**Given data:**

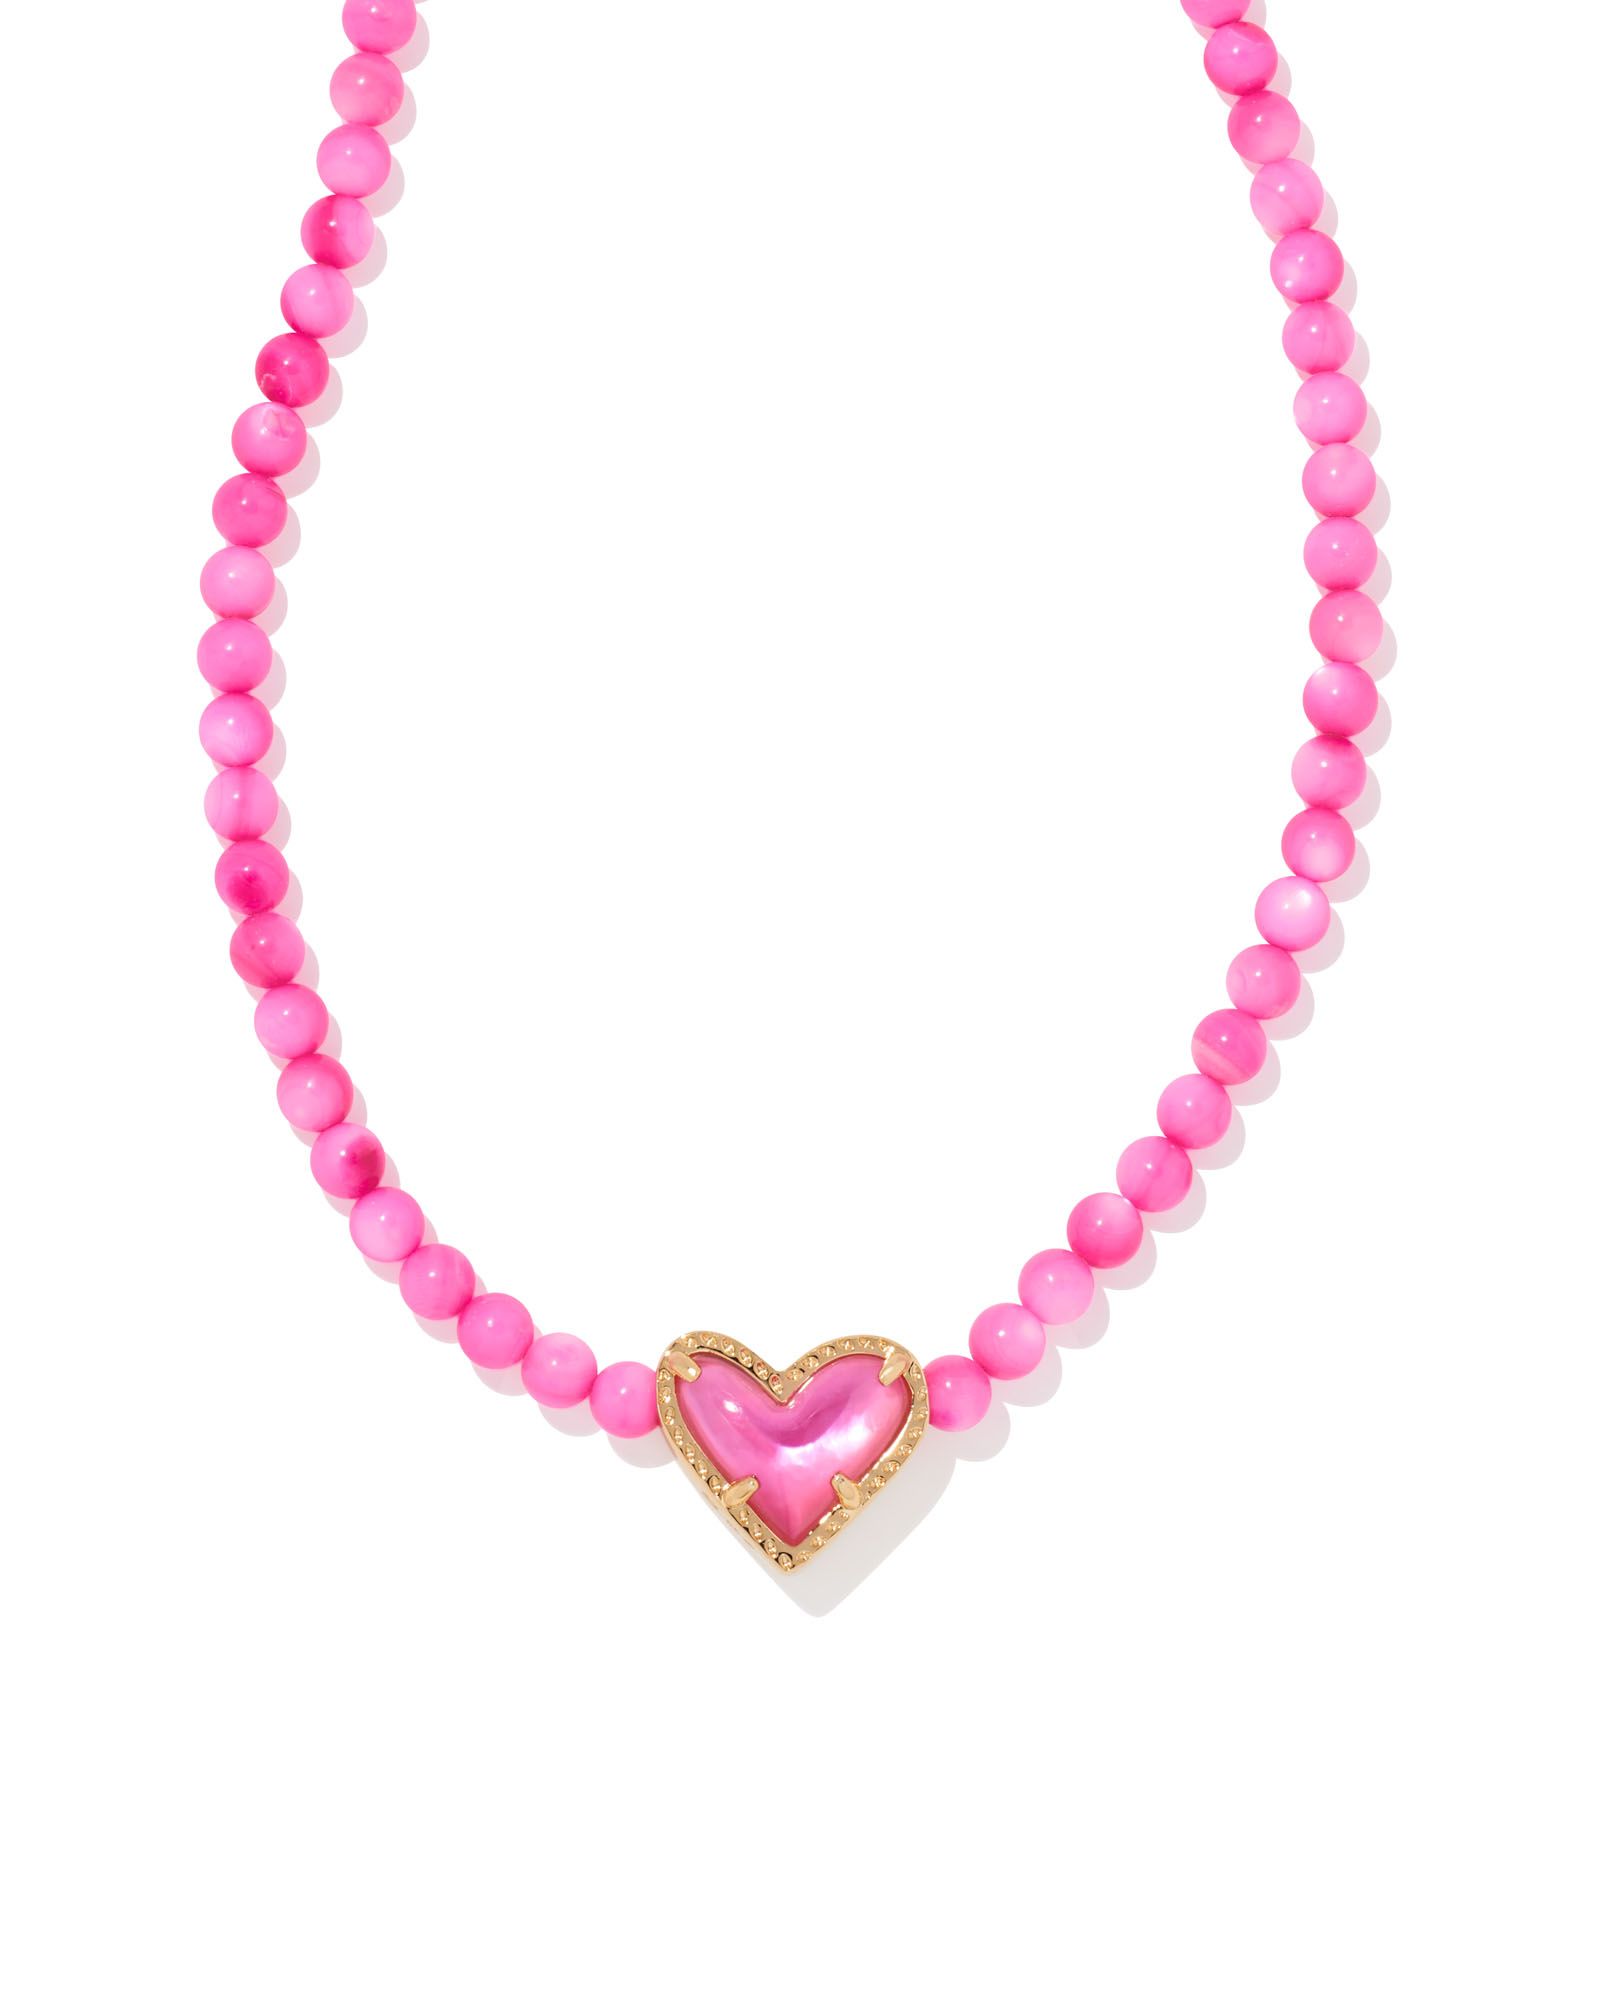 Beaded Ari Gold Necklace in Pink Mix | Kendra Scott | Kendra Scott
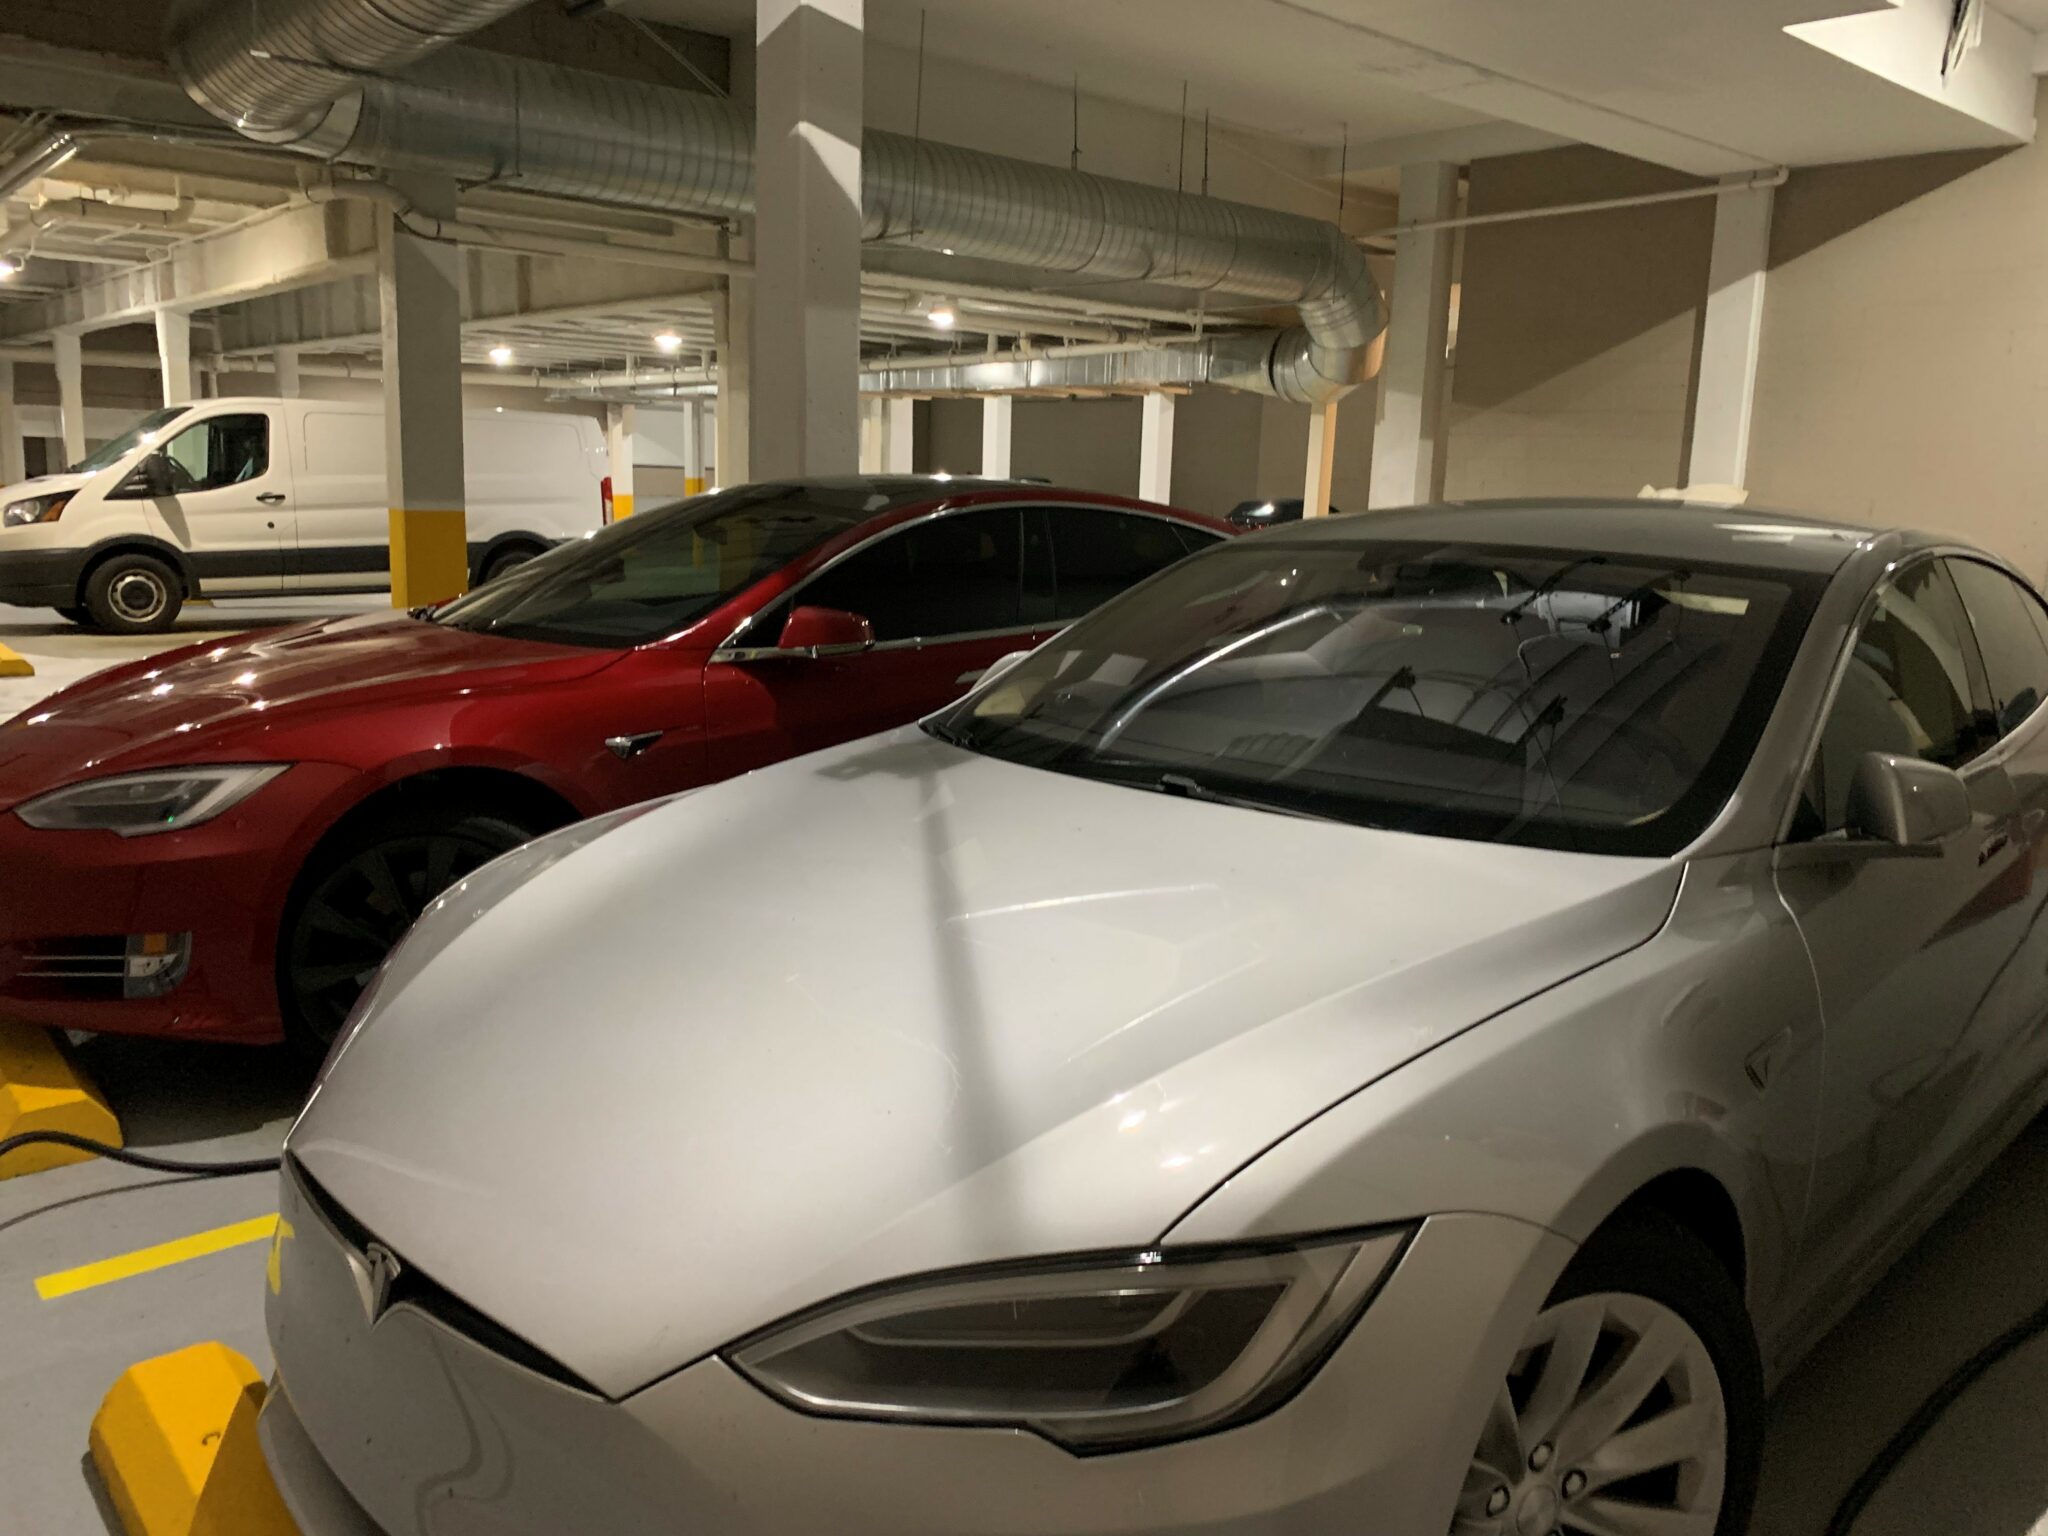 Park on Main Garage - Teslas
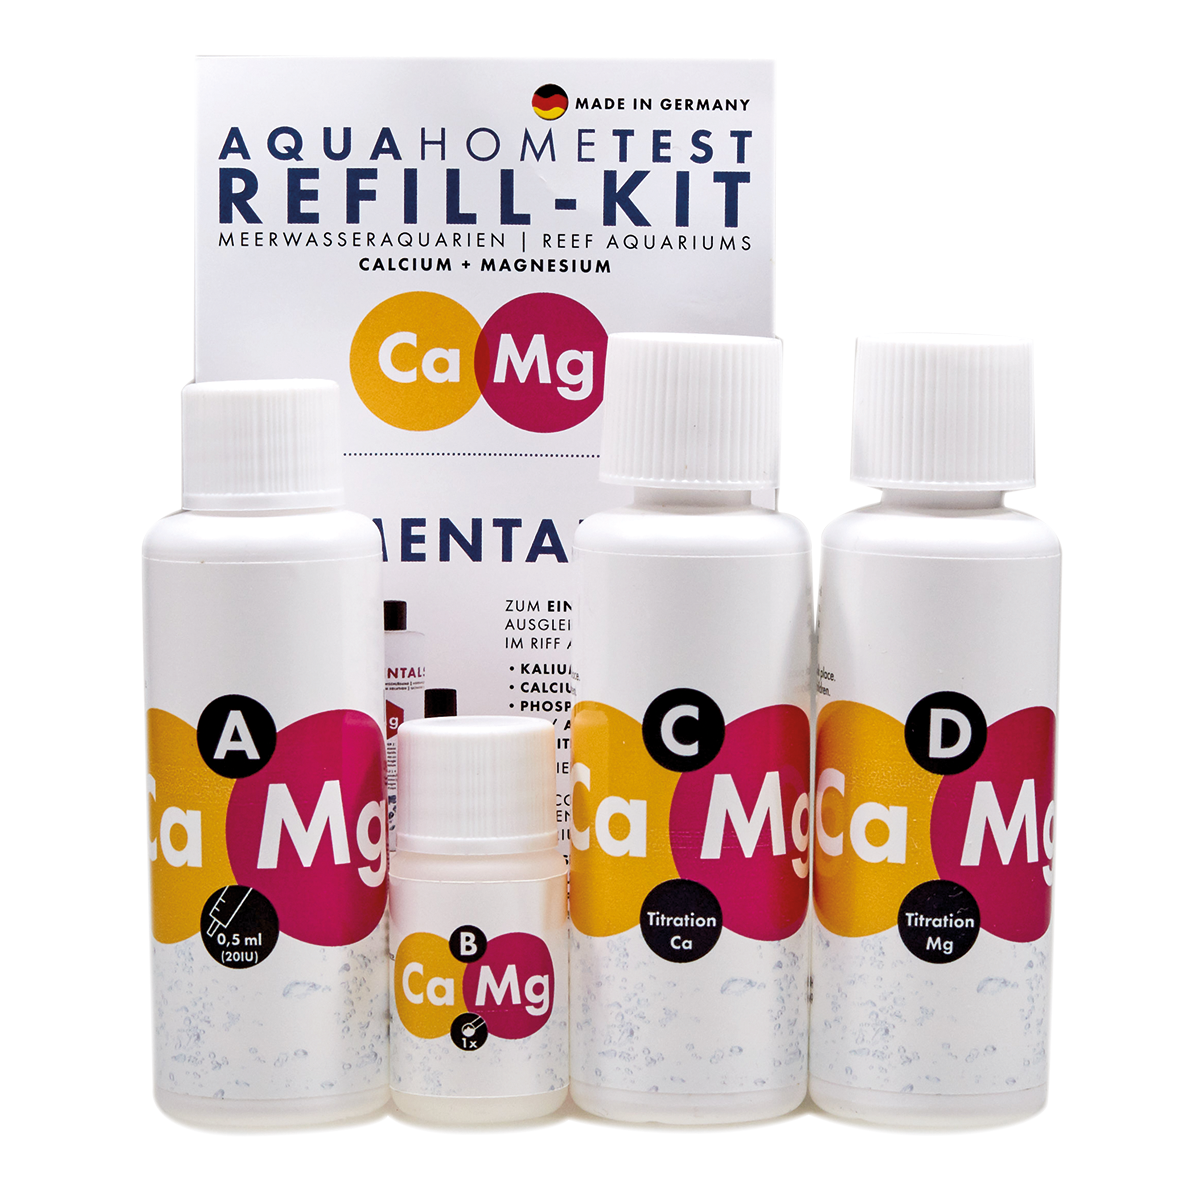 Fauna Marin Aquahometest Ca+Mg Calcium + Magnesium Test Kit Refill
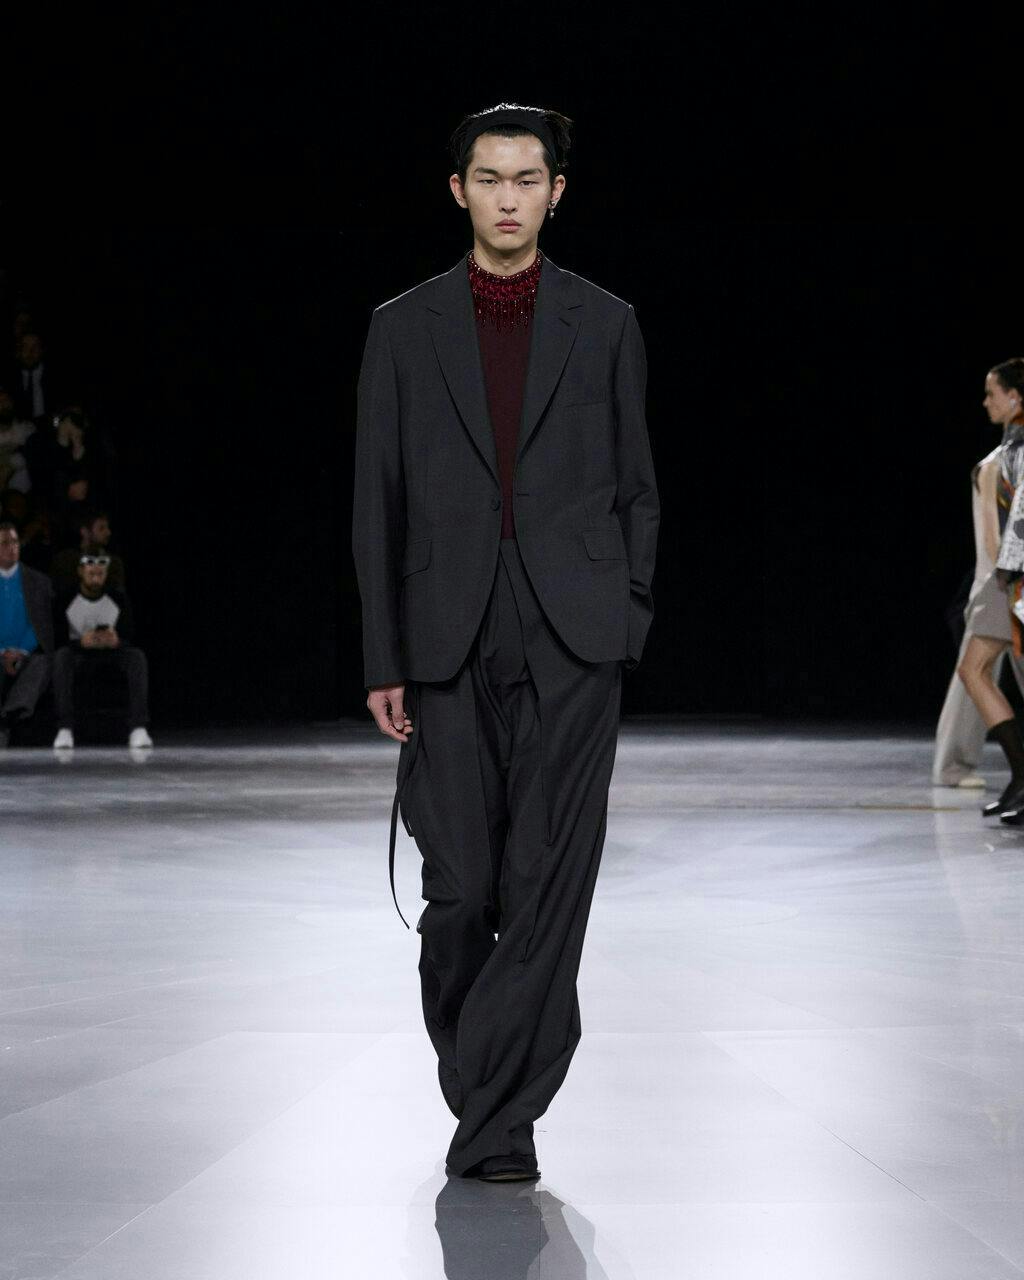 fashion formal wear suit adult male man person shoe coat runway

**What is required:**
What you give back should be exactly the lines from the line holding "Fauna Marin Aquahometest" through the final line of the material, both ends included, and please leave out the pictures.

**Exercise output:**
 Fauna Marin Aquahometest Ca+Mg Calcium + Magnesium Test Kit Refill
 fashion formal wear suit adult male man person shoe coat runway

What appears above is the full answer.